Удивительно, что сухая и довольно скептическая книга Штрауса заинтересовала Иванова — очевидно, она легла на хорошо подготовленную почву. Штраусу он доверял как ученому, причем настолько, что встретился с ним лично, приобретал научные книги по его совету. Правда, личная встреча выглядела анекдотично: «…разговор происходил со стороны Штрауса на латинском, а со стороны Иванова на итальянском языке», — вспоминал Иван Тургенев.
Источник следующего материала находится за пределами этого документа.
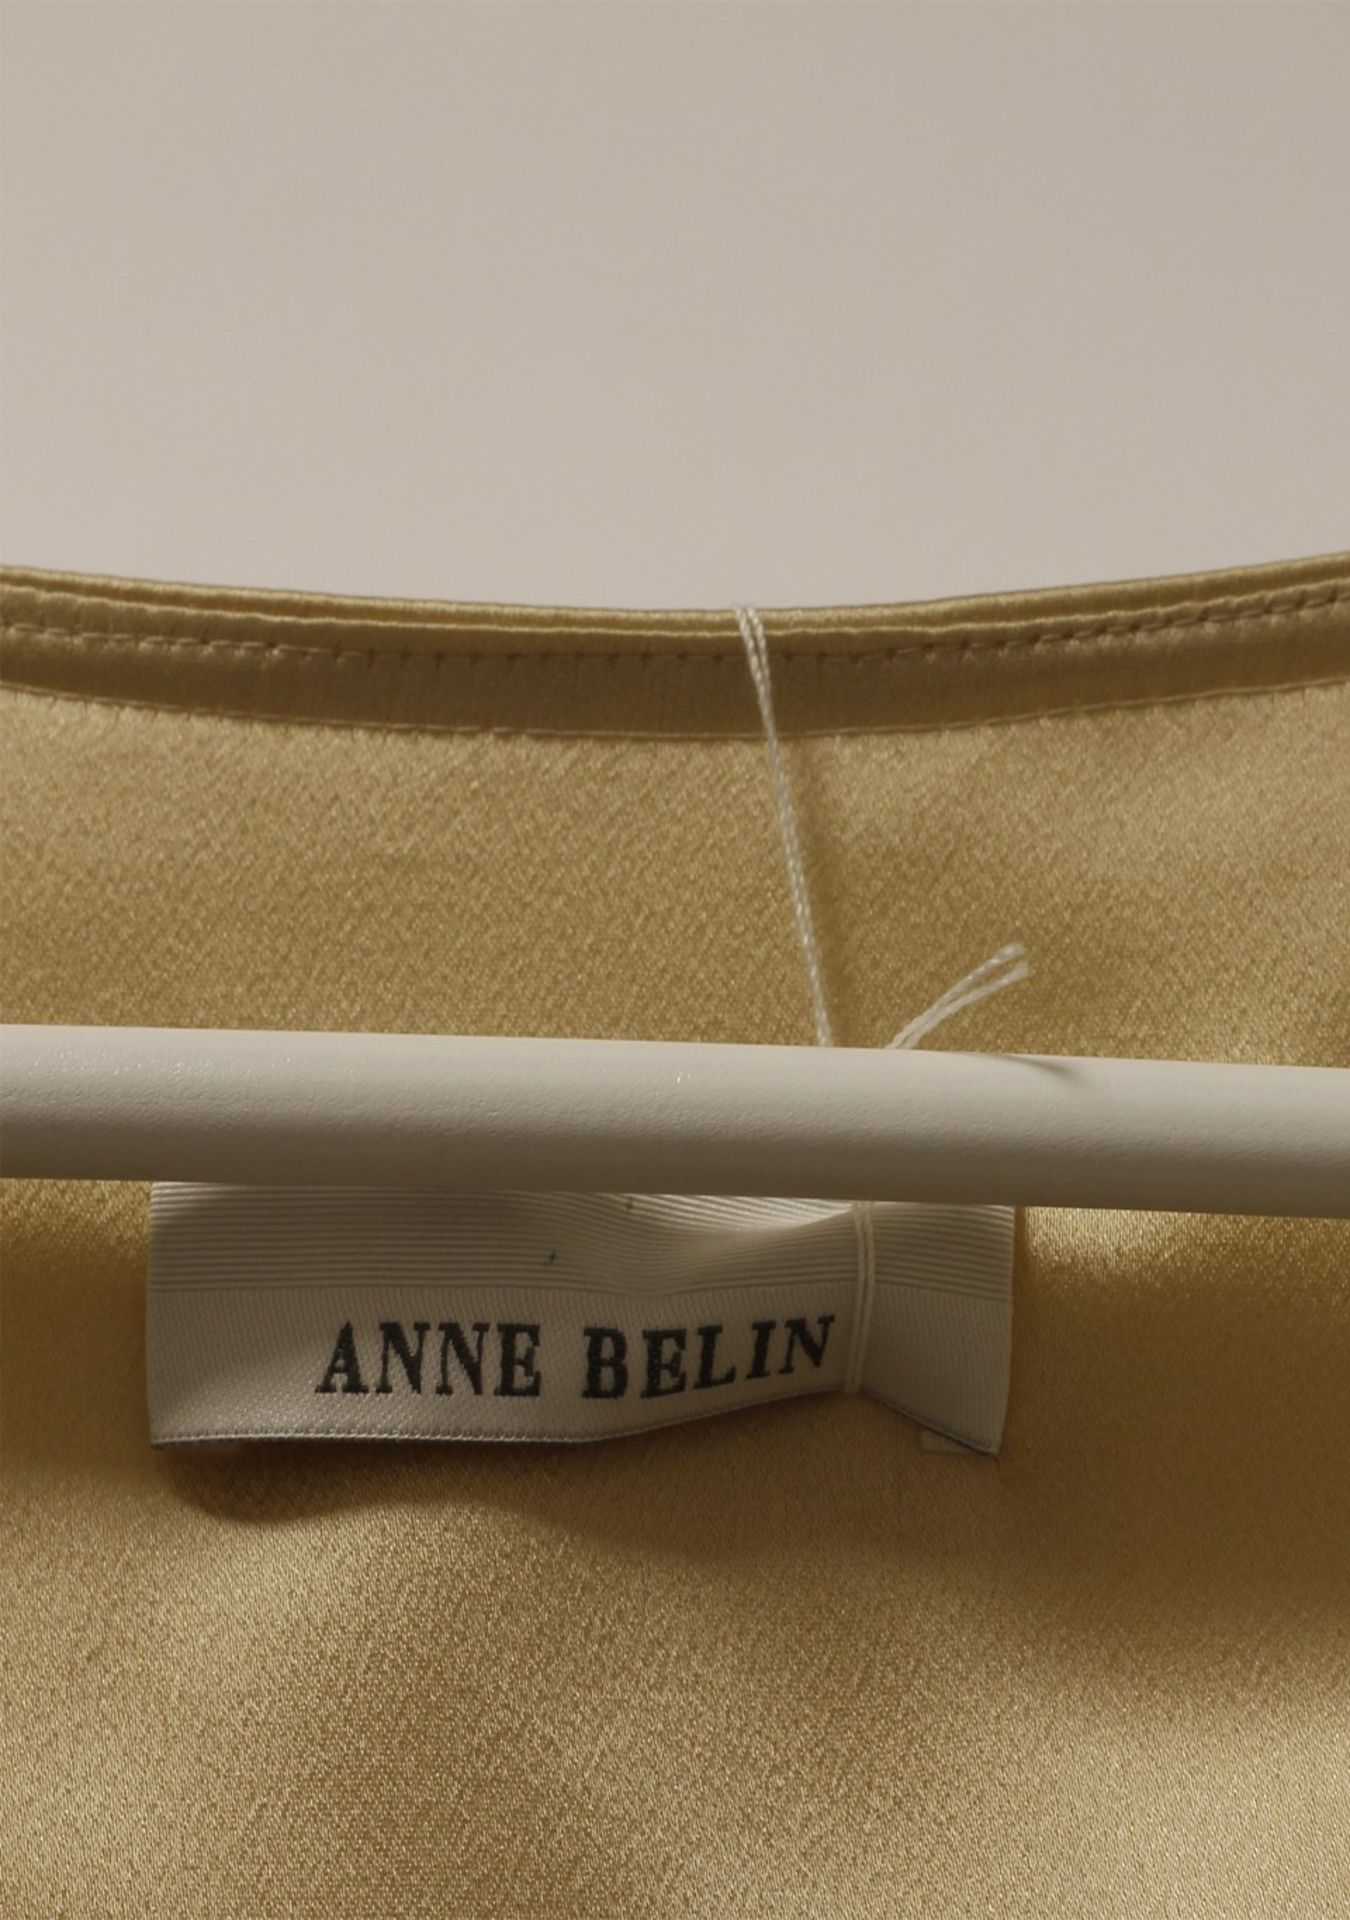 1 x Anne Belin Champagne Bolero - Size: 16 - Material: 50% Viscose, 50% Acetate - From a High End - Image 6 of 6

Книгу немецкого богослова художник понимал по-своему. Развенчание всего чудесного и мифического ему не нужно, он — идеалист, близкий к последователям философа Шеллинга. Иванов был знаком с немецкой философией еще до отъезда в Рим, где в начале 1830-х встретил русского литератора и переводчика Николая Рожалина, участника «Общества любомудрия», проводника в мир идей Шеллинга. В этой философии художник — нечто вроде пророка, указующего на возможность иного мира (вспомним Иоанна Крестителя в «Явлении Христа»), а за всеми явлениями стоит единое начало. «Библейские эскизы» — это поиск в разных религиях и культурах того, что указывает на путь спасения через Христа, венчающего человеческую историю.

Религиозность Иванова была, судя по всему, очень личной, не обрядовой, а скорее философской. Он хотел показать людям путь к единству, то есть был склонен к мессианским идеям. Его непростая жизнь, полная финансовых трудностей, одиночества в мастерской, печали по поводу недостатка добродетели в людях, очень способствовала мечтам. Мир «Библейских эскизов» и есть мир мечты, утопии. Автор связывает античность, иудаизм и христианскую европейскую культуру — ведь в этих эскизах много отсылок к живописи итальянского Ренессанса.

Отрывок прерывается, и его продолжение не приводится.